Ana le contó que hacía un tiempo había ayudado a otra mujer con un aborto pero que no recordaba las indicaciones del misoprostol. Silvia compró la droga –recetada para la fibromialgia- pero empezó otra peripecia: ¿Cómo tenía que usarla? ¿Cuántas veces?
– Solo logré averiguar que una pastilla tenía que entrar por la vagina y otra la tomaba, pero no sabía cuántas ni con qué frecuencia.
La noche que Silvia decidió abortar con misoprostol lo hizo sola, recostada en la habitación de su departamento de Boedo. Tenía a mano el teléfono de su mejor amiga, otra enfermera que estaba de guardia. Y el de la emergencia de la obra social.
Al principio no sentía nada. Primero sintió una puntada en la parte baja del abdomen. Después otra, más fuerte. Y sangre, mucha sangre. Silvia desangró su decisión en soledad y durante más de seis horas –toda la noche- vio pasar en rojo sus entrañas.
Como buena enfermera, esperó. Cuando fue al baño y vio que todo lo que tenía que salir había salido, supo que estaba hecho.
– Mucho tiempo después supe que había que moverse, no acostarse, para que suceda más rápido. La gente piensa que si una es enfermera sabe todo esto, pero no es así; yo me especializaba en otra cosa, la información no estaba disponible aún para mí.
El mundo no se detuvo para Silvia esa noche. Con la luz de la mañana se vistió y salió a trabajar al hospital como lo había hecho el día anterior y como lo haría el siguiente. La hemorragia solo se fue después de cuatro o cinco días. Al poco tiempo llegó la fiebre, la infección, el delirio y la inevitable llamada a la emergencia médica.
De la clínica se escapó al cabo de dos horas, ante la posibilidad de que la sedaran para realizarle una práctica médica que no consentía. Y también ante la posibilidad de una denuncia.
– Me fui a la guardia del hospital donde trabajaba y me puse la medicación para la fiebre y la infección por suero. Me senté en una camilla y me quedé ahí toda la noche. Nadie vino a preguntarme nada.
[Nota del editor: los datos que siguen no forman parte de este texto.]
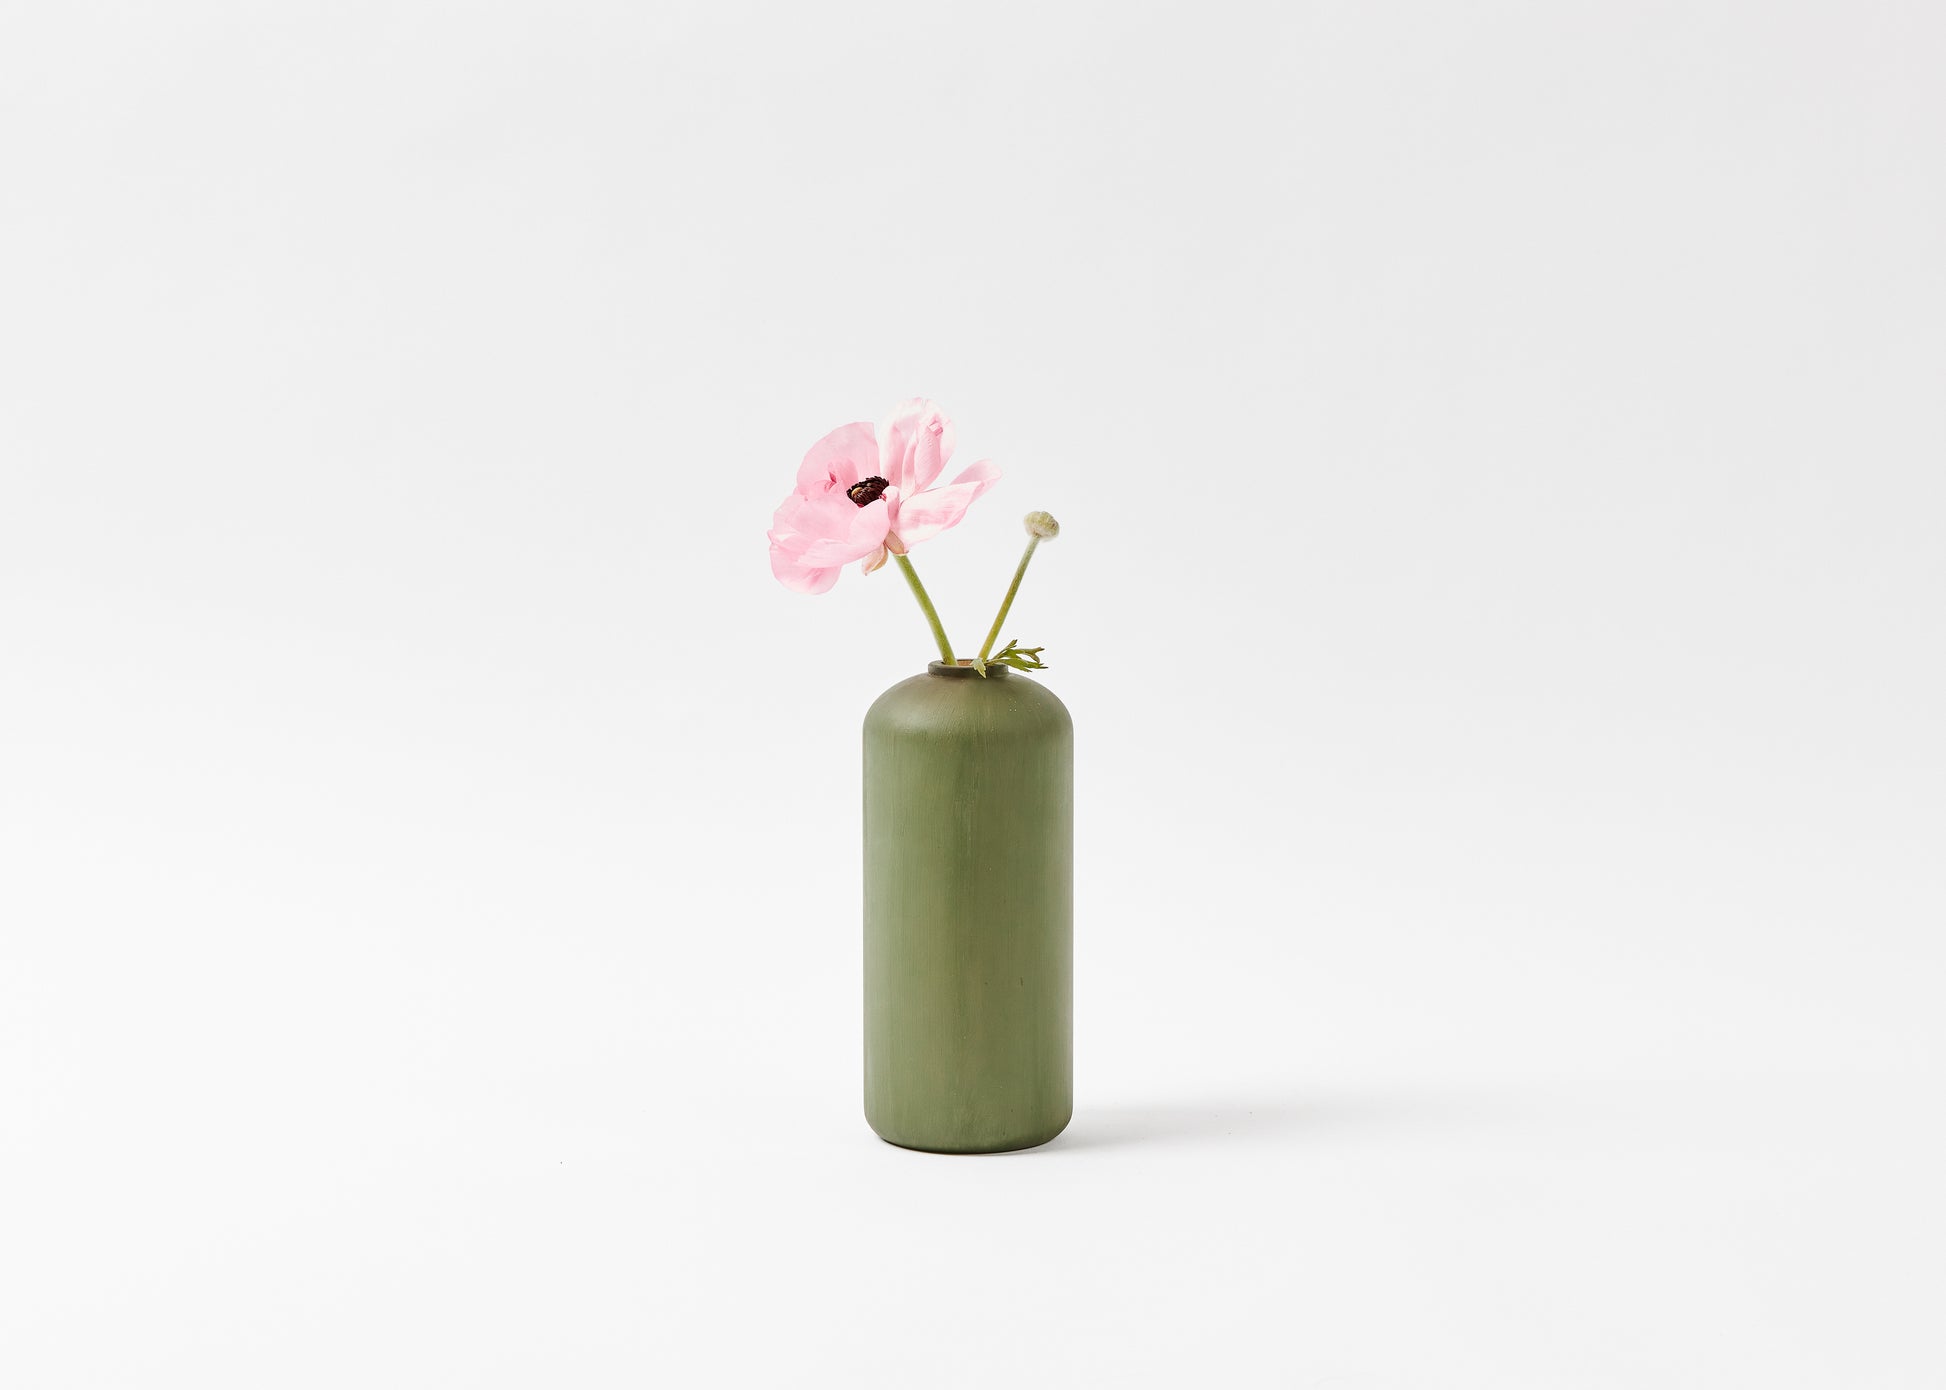 Tall vase in sage green with pink flower in vase. Hand painted | Melanie Abrantes Designs.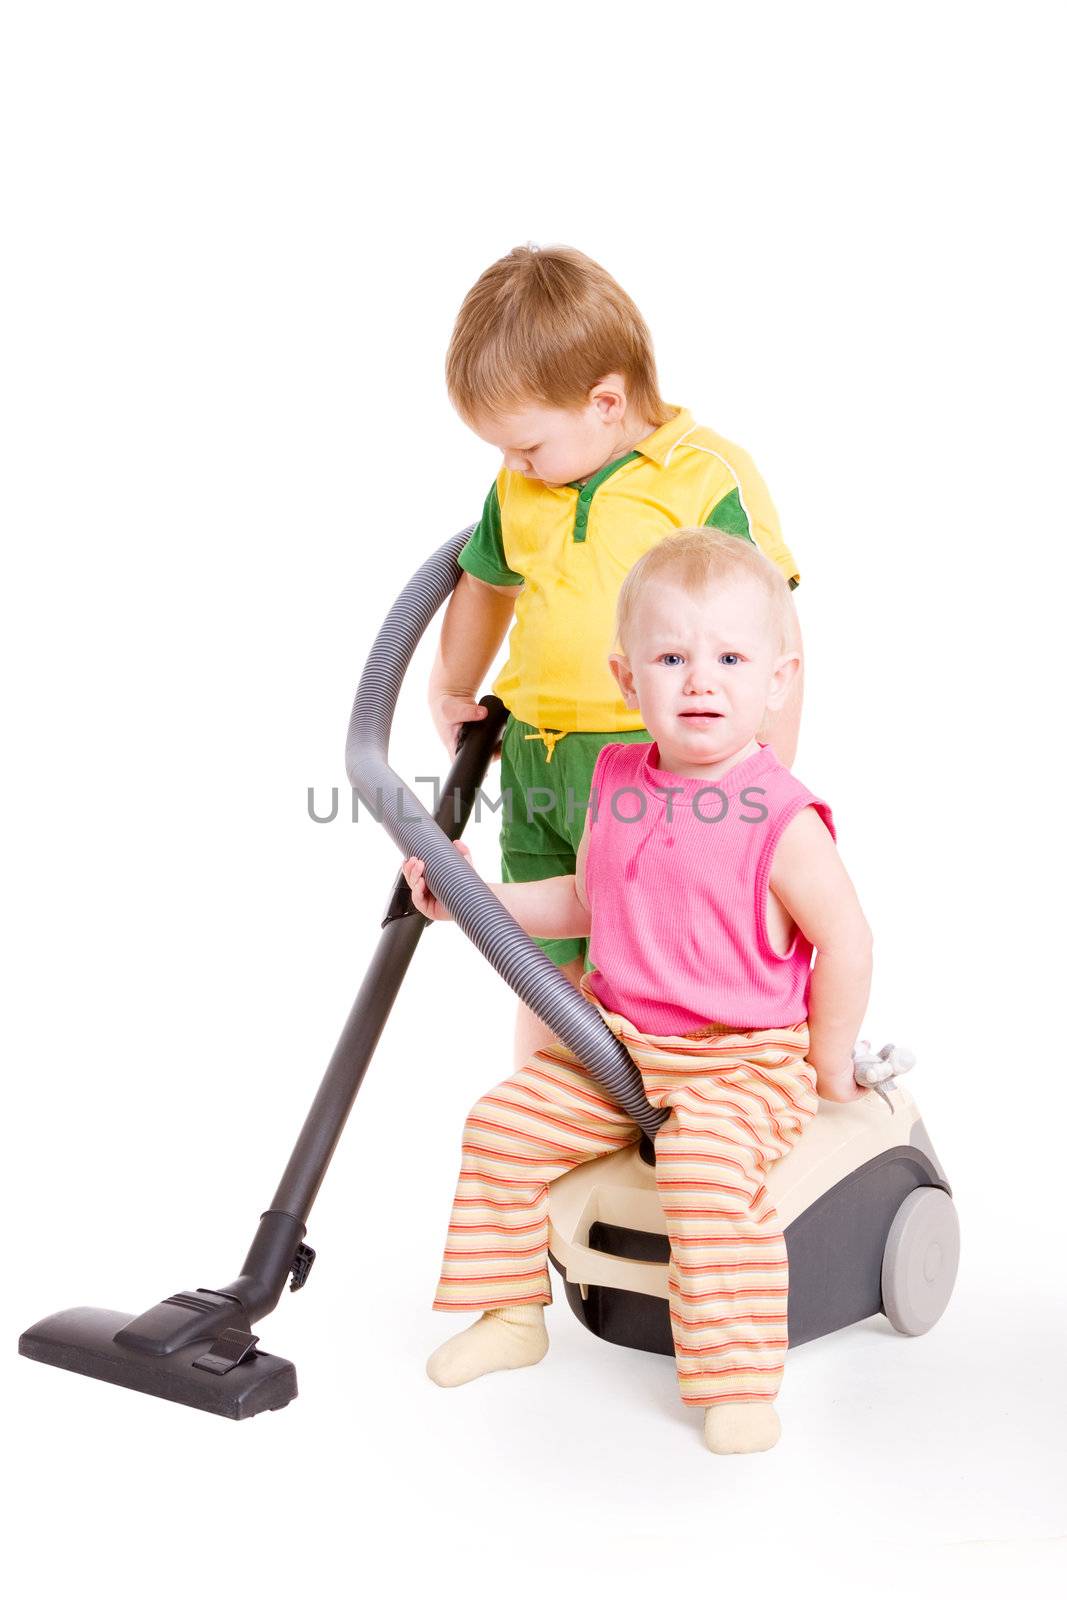 a small girl and a small boy by the Vacuum cleaner by vsurkov

Silvia no se llama Silvia. Tiene otro nombre que podría ser el de cualquiera de nosotras. Dejó de ser enfermera tiempo después de aquello, cansada de negociar y batallar con el sistema.
– Mi ex ginecóloga de cabecera me preguntó: ¿Cómo lo resolviste? Yo solo pude mirar al costado y hacer un gesto. Le respondí que con pastillas y fue todo. Nunca más me quiso hablar de eso.
Silvia no supo jamás si fue a propósito. Se niega, aún hoy, siquiera, a pensarlo.
– Tiempo después ella me puso el diu, pero me recomendó que no tuviera relaciones sexuales. Fui a verla varias veces durante un mes o un poco más porque tuve dolores muy fuertes. Ella me insistía que aguante, que el diu se estaba acomodando y que me daría un nuevo turno para reimplantarlo.
Por recomendación de sus amigas, Silvia vio a otro médico, que le entregó el diu a los cinco minutos de examinarla y le explicó que se lo habían implantado en el músculo.
-El dolor que sentía eran contracciones, mi cuerpo quería expulsarlo. Tras esa experiencia el médico accedió a ligarme las trompas -dice.
Silvia entendió que el único tratamiento que le había dado la ginecóloga después del misoprostol había sido la obligación de aguantar el dolor en silencio. Un silencio de hospital.